Second Congressional Results: Moisture caused Clermont County ballots to be delayed

Covering the results for Reuters in the Hackett/Schmidt fight for Ohio’s Second Congressional District Tuesday evening at the Hamilton County Board of Elections turned out to be a later night than most expected. Why? Clermont County couldn’t count their votes.

A Cincinnati Enquirer story neglected to mention why the ballots were late, but quoted Hamilton County Democratic Party chairman Tim Burke as saying he wasn’t sure what the hell happened.

An unused portion of the story I filed for Reuters neglected to mention an explantion put forth by Hamilton County Board of Elections executive director John Williams. Apparently humidity in the air allowed moisture to seep into the Clermont ballots thus making them uncountable until they returned to the ambient room temperature where the machines were located at the Clermont County BOE. Clermont uses an optical-scan method for collecting and tallying votes.

Williams went on to say that he felt that eventually all counties would be required to use this system – and he isn’t happy about it for reasons like Tuesday’s delay. He advocates continued use of the punch-card method and buying an additional device than can electronically check the punch cards for over-voting and hanging chads.
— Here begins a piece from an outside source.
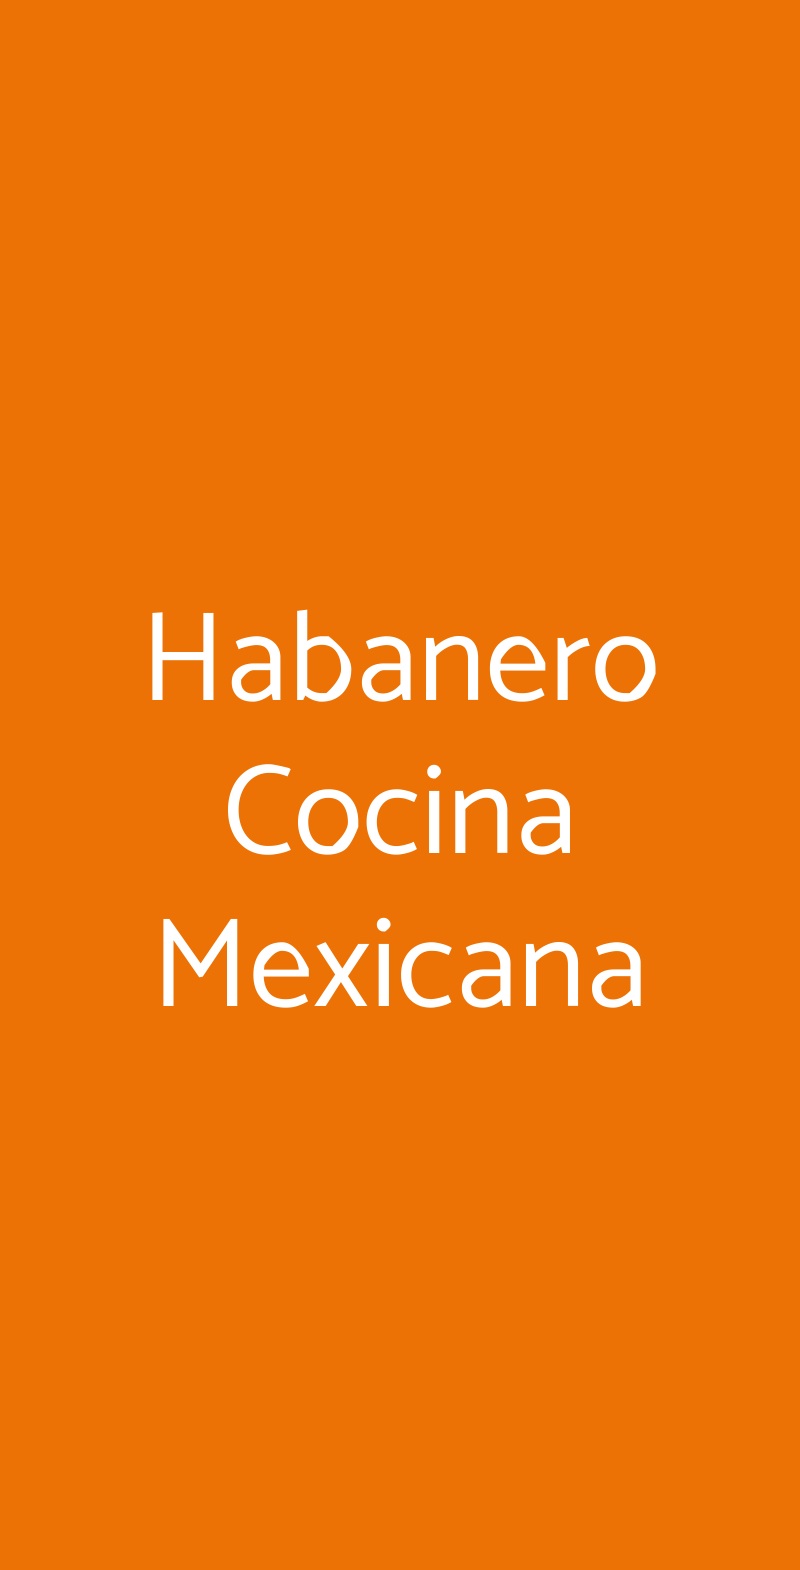 Habanero Cocina Mexicana Torino menù 1 pagina
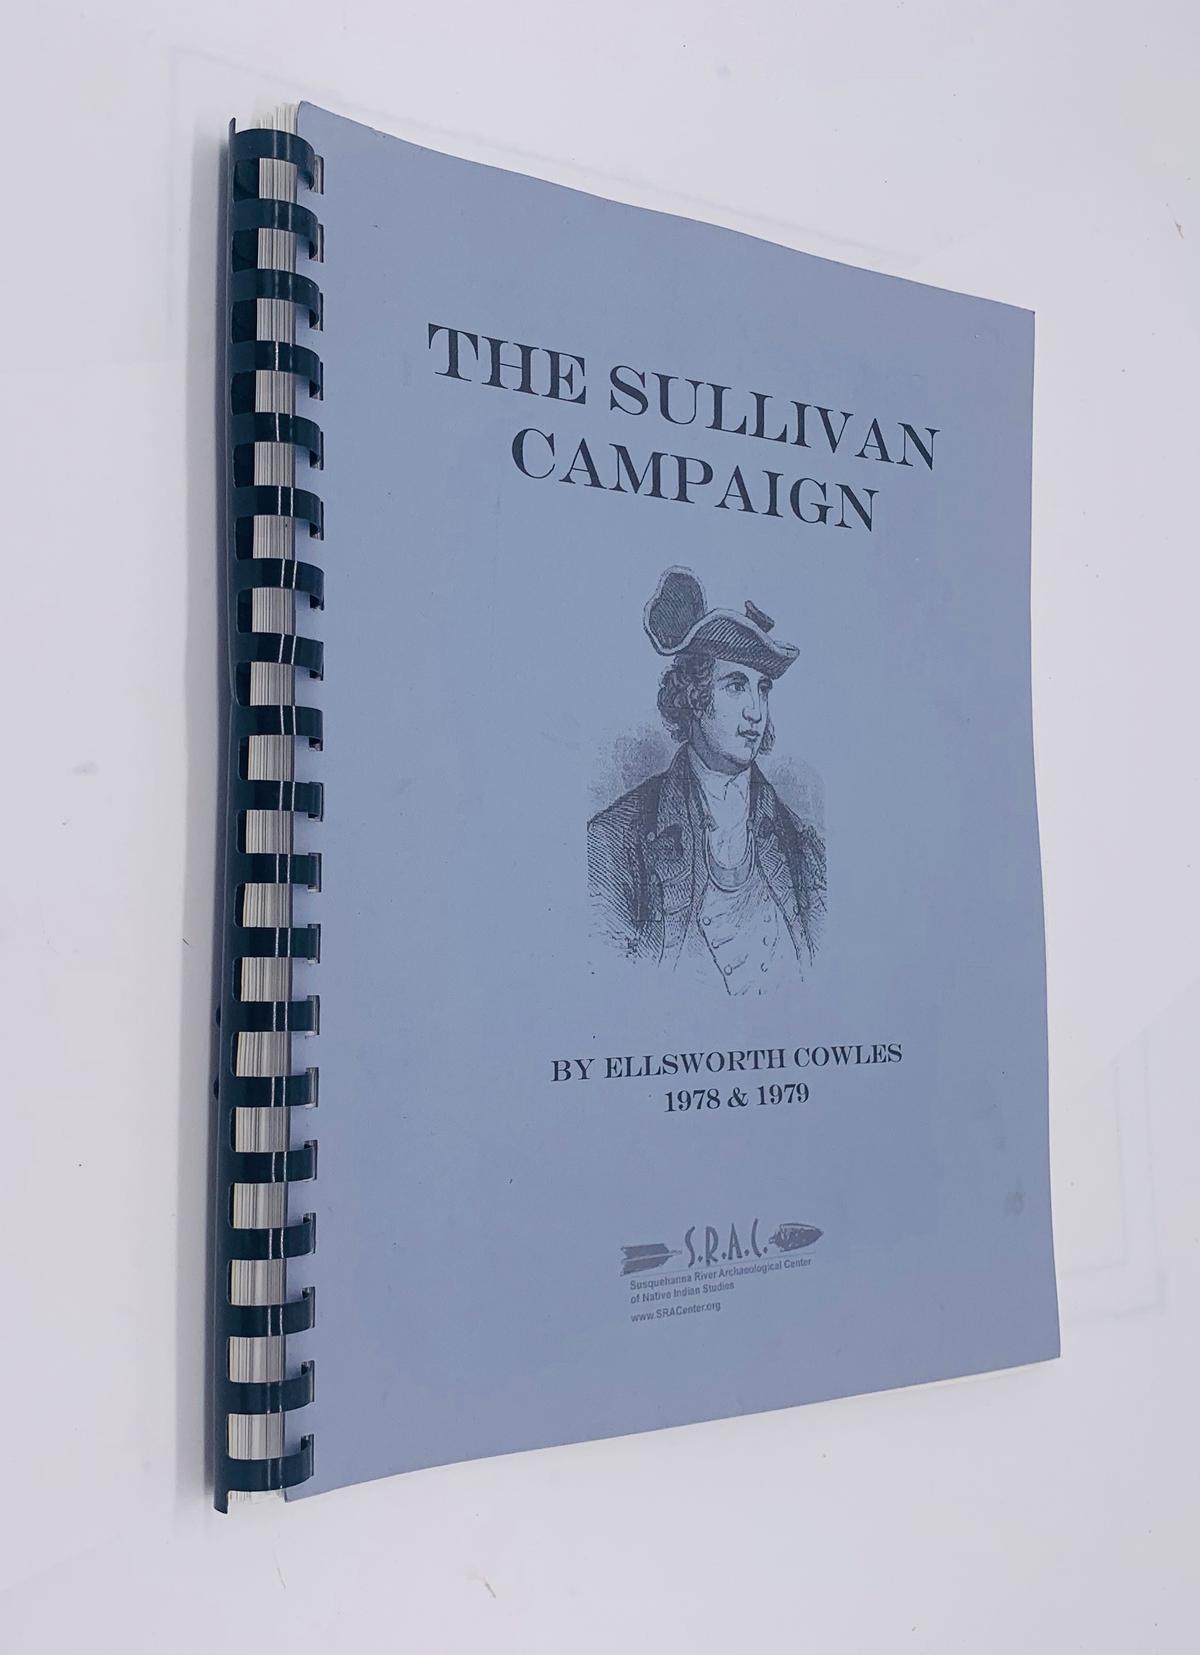 THE SULLIVAN CAMPAIGN by Ellsworth Cowles - American Revolution - Native American Studies

“We’ve used the current system for 30 years,” Williams said. “I bet in another ten years we’ll go back to something like the punch cards.”


Posted

in

by

Tags:

Comments

3 responses to “Second Congressional Results: Moisture caused Clermont County ballots to be delayed”

  1. Gregory Korte Avatar

    Howard Wilkinson had this story in Thursday’s edition.

  2. Joe Avatar

    True. Howard does have this story in Thursday’s edition – about six hours after I posted it on my Blog.

  3. alex Avatar

    After Florida 2000, Ohio 2004, and everything that’s come light since then about the Rovian death grip on power, it doesn’t seem too tinfoilish to wonder whether the GOP’s approach to close elections in Ohio isn’t the same as the party’s approach to close votes on the House floor — in which the count is held open until the leadership gets the result it wanted.